The difference between Netflix and Showmax

There are a few TV series and movies that are on both streaming services: like Suits, The Affair, Friends, etc. The difference is on Showmax you’ll find South African movies and series which of course is not available on Netflix. I haven’t yet watched any SA movies or series on Showmax. Showmax does have some exclusive streams to US TV shows. Showmax has Game of Thrones, which was a huge plus for me. GOT Season 7 was online almost immediately after the series ended in the US. Mr Robot season 3 was streaming on Showmax pretty much as the episodes concluded in the US.
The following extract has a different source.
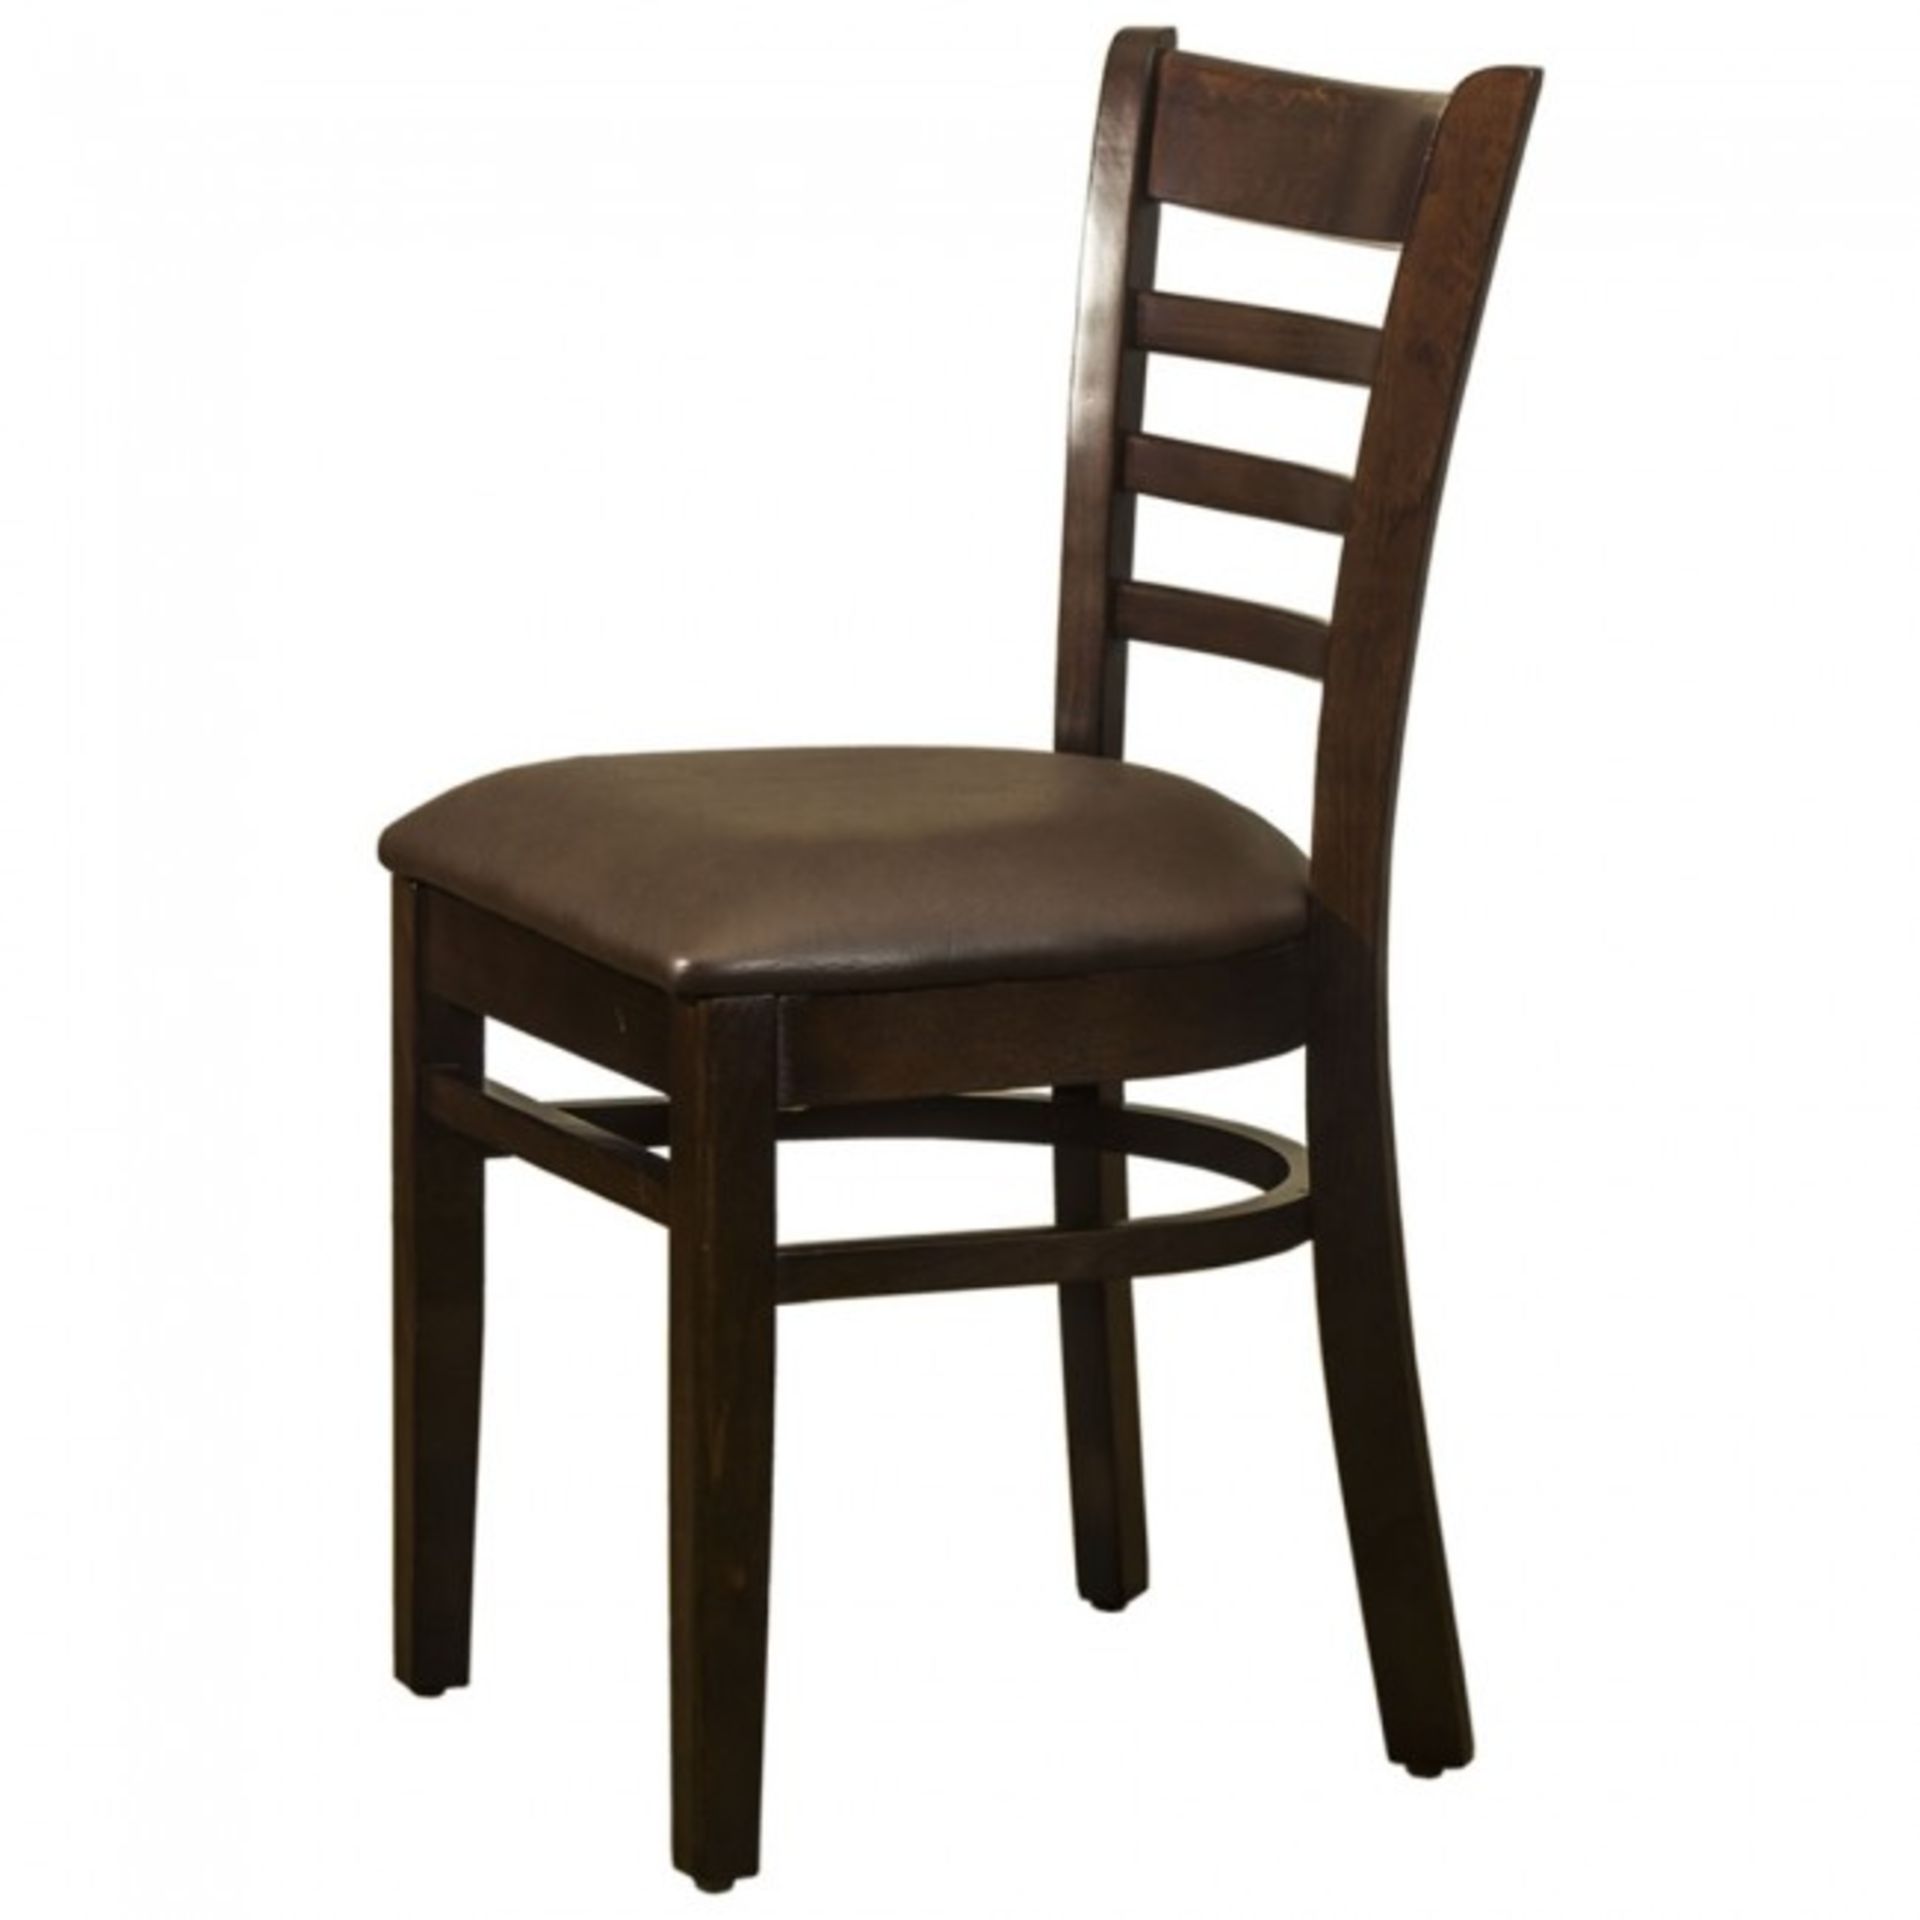 10 x Brand New Restaurant Chair - Walnut Finish - Solid Beech Frame with Brown Faux Leather seat - Image 2 of 4
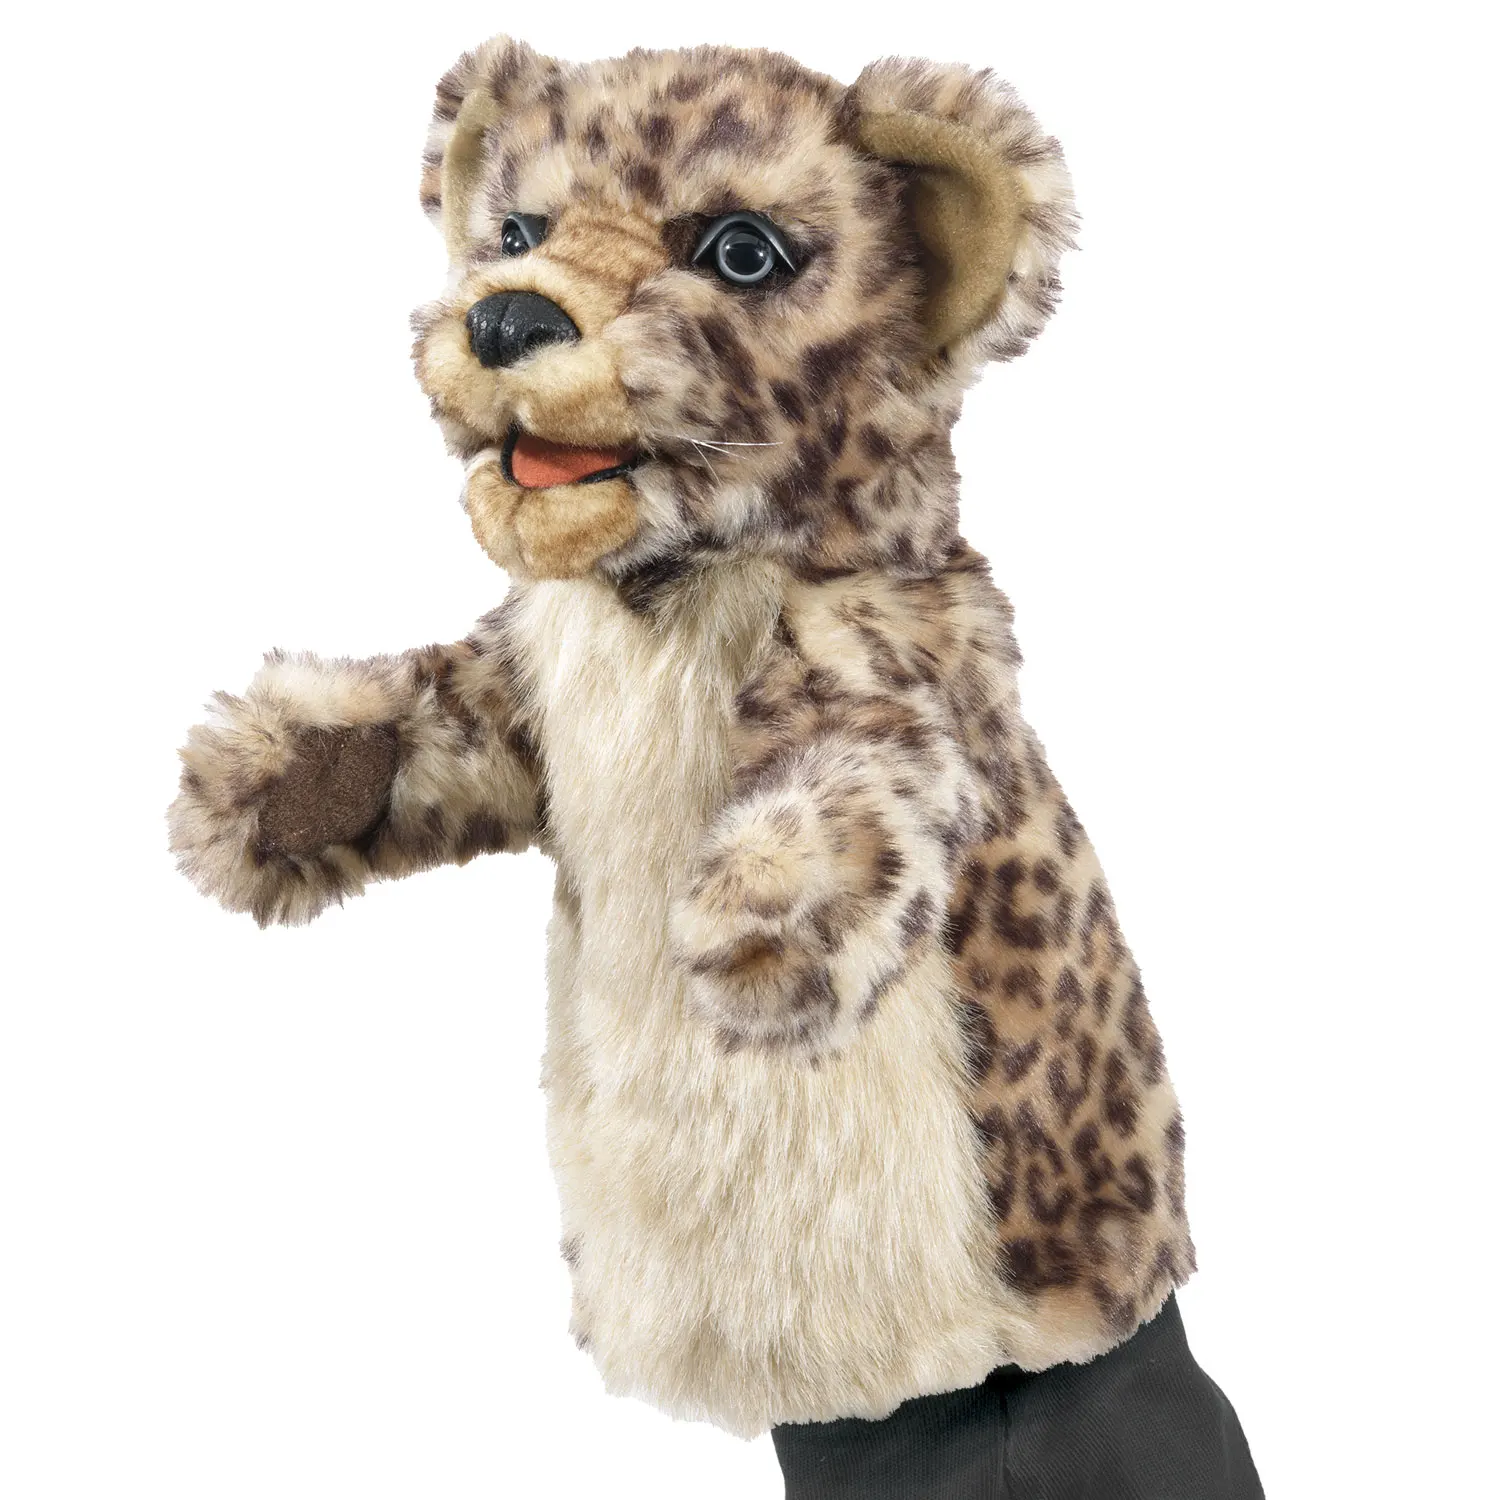 Leopard Cub Stage Puppet

Netflix has original programming like Stranger Things and Stranger Things 2, 13 Reasons Why, The Queen, Dynasty, etc. Unfortunately, some of their original programmes were sold to DSTV before Netflix arrived in South Africa, so House of Cards, for example, is far behind on Netflix. HOC season 4 arrived last year and HOC 5 hasn’t even arrived yet.

Which do I use most?

It’s hard to say. I go through phases of watching Netflix almost exclusively, but then a few weeks later I’m back with Showmax for a few series. Fortunately, I don’t have to choose at the moment. But if I had to, I’d probably choose Netflix. Mainly because some of their original programmes are amazing. It’s a close thing though.